International Seminar:

Equality, Health and ther Roma Community

Madrid (Spain), 26-27 October 2006

   
   

 

Conclusions and Recommendations

 

As we have seen throughout this report, the Roma community, a socially and economically disadvantaged minority, is one of the population groups which is most susceptible to suffer from health deficits; life expectancy, for example, is 8 to 9 years less than that of the rest of the Spanish population. The Roma people are affected by many of the aforementioned health risk factors as a consequence of social exclusion and the fact that they are not able to take advantage of mainstream health resources on an equal footing and with the same rights as the rest of the population. Moreover, cultural aspects of the Roma population and health-care providers’ ignorance of these means that said aspects frequently hinder access to the health-care system.

 

For all of the foregoing, public authorities must put a priority on implementing specific measures with the Roma community with a view to eliminating existing inequalities and creating a situation in which Roma men and women may enjoy the same opportunities as the majority population when it comes to taking care of their health and improving their standard of living. The health issue should be addressed from a bio-psycho-social point of view. In the past it was believed that health policy consisted basically in offering a series of medical services with little attention to anything else.
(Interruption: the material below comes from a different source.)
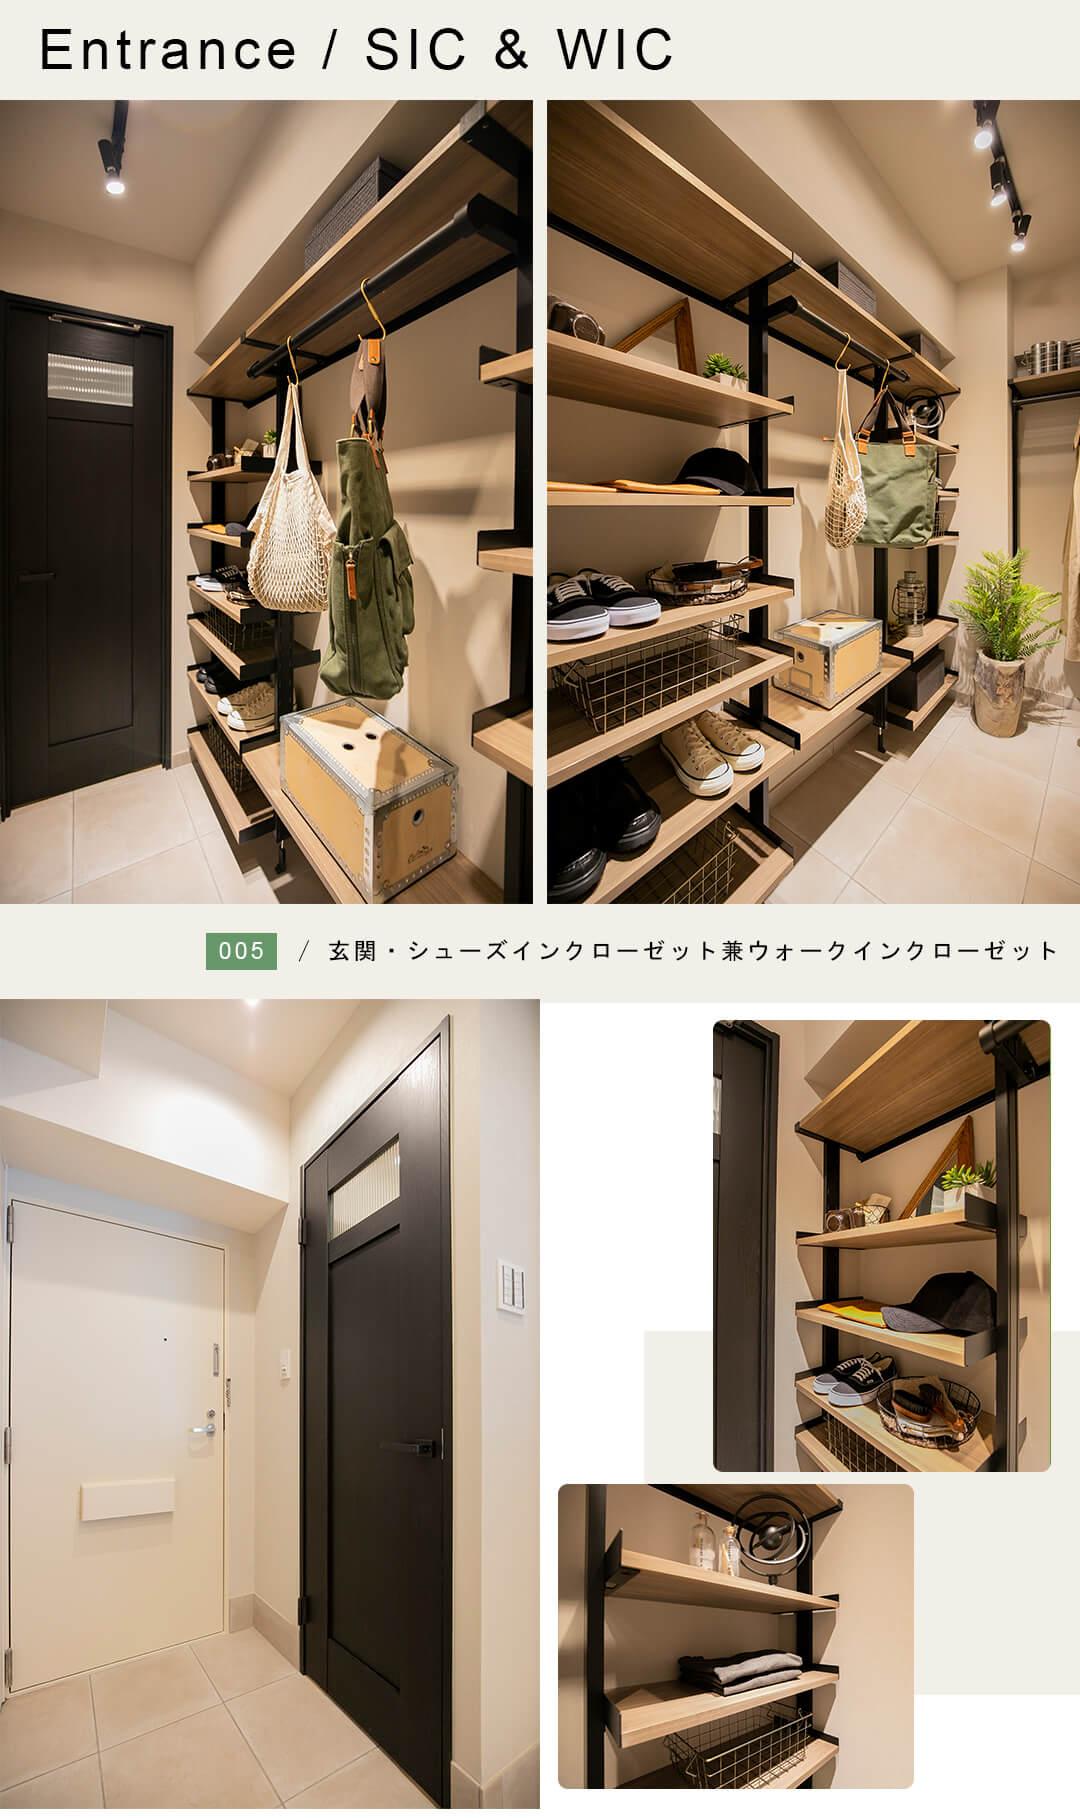 笹塚サンハイツの玄関とシューズインクローゼット兼ウォークインクローゼット

While it is obviously important to strive towards universal access to health-care services, when addressing the subject of health one cannot forget that economic and social conditions have a very significant influence on the health of the population in general. Poverty, social exclusion, housing, employment, education… are all factors contributing to a healthy life. Health policies cannot lose sight of the importance of also focusing on the social and economic factors which have a bearing on health.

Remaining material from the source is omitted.